Могила Азиса. Крымские легенды и рассказы - Страница 30
-- Так, так. В другое время и 25 рублей мало дать! А во сколько вы теперь цените ваших молодых барашков? Валлах! У меня есть в продаже сотни две тонкорунных. У корилезского бея сам по 30 рублей за штуку купил.
-- Продорожили, сильно продорожили, Сеид-Саттар! Теперь, слава Аллаху, если за ту же цену отдадите. Слышали, за сколько Али-Мурза своих продал?
-- Еще бы! В Карасубазаре теперь падеж. Все овцы колеют.
-- Эй, еще кофе!
И начинается торг с божбой, увереньями, клятвами и битьем по рукам. Бьют по рукам вопросительно, отрицательно, утвердительно и, наконец, после получасового спора, окончательно. Заключается крупная сделка. Сеид-Саттар охает, но в глазах у него, несмотря на всю сдержанность, сквозит огонек величайшей радости. А хозяин кофейни, беседуя за другим столом, наклоняет ухо в их сторону и как раз вовремя является в роли посредника. Обе стороны уступают. Торг окончен.

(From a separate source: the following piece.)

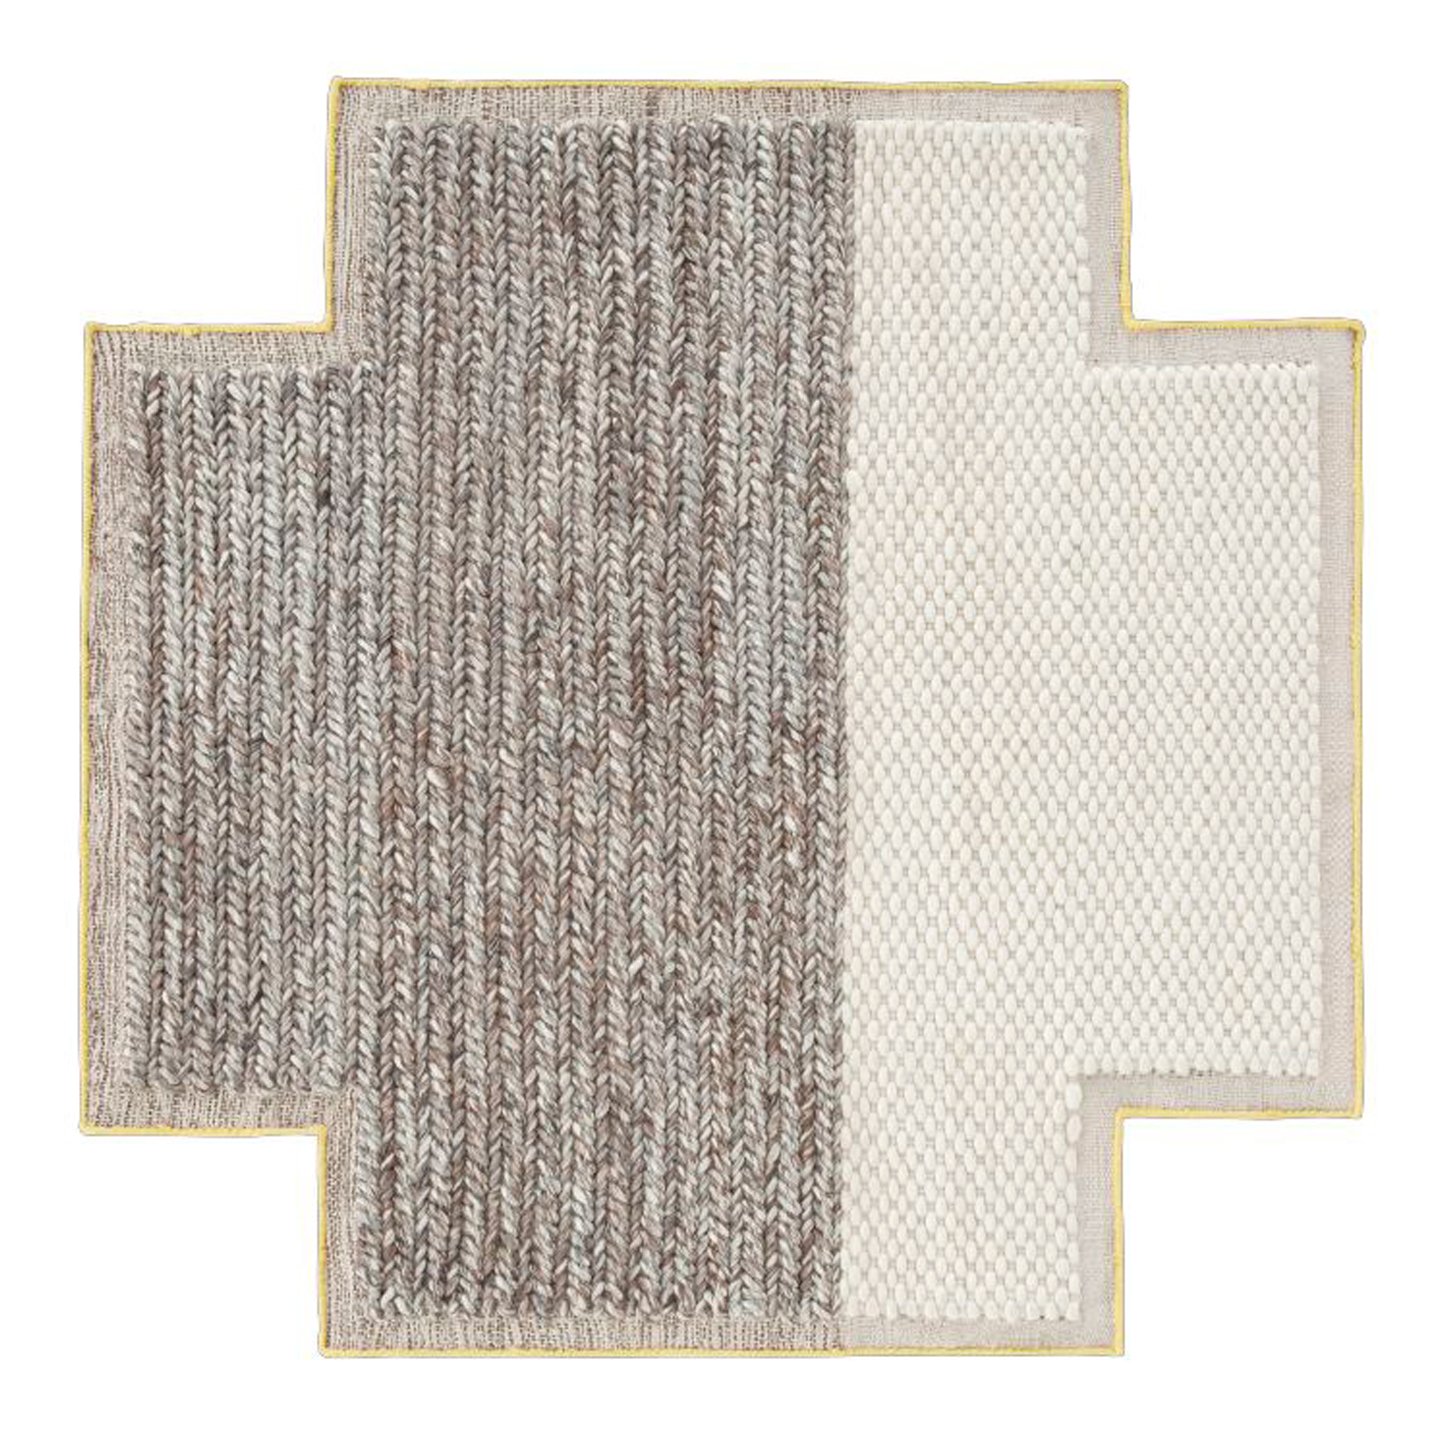 Haworth Mangas Space Rug in grey and white

По всему базару разносится весть о крупной продаже нескольких отар овец Сеид-Саттара, и цены сразу падают: Кенджамет и Смаил ни у кого уже больше не купят, и остаются только мелкие покупщики.
Давно таких крупных и выгодных дел не делал старый барышник.
-- Слава Аллаху! Простую шпанку по 3 р. 50 коп. продал! -- ликует Сеид-Саттар, считая и пряча деньги в карман и собираясь домой.
А на базаре стояли еще крик, брань и суета торговли.
***
Но не успел Сеид-Саттар подняться с дивана, как в кофейне появились новые лица, заставившие его остаться на прежнем месте и проявить все признаки величайшего удовольствия.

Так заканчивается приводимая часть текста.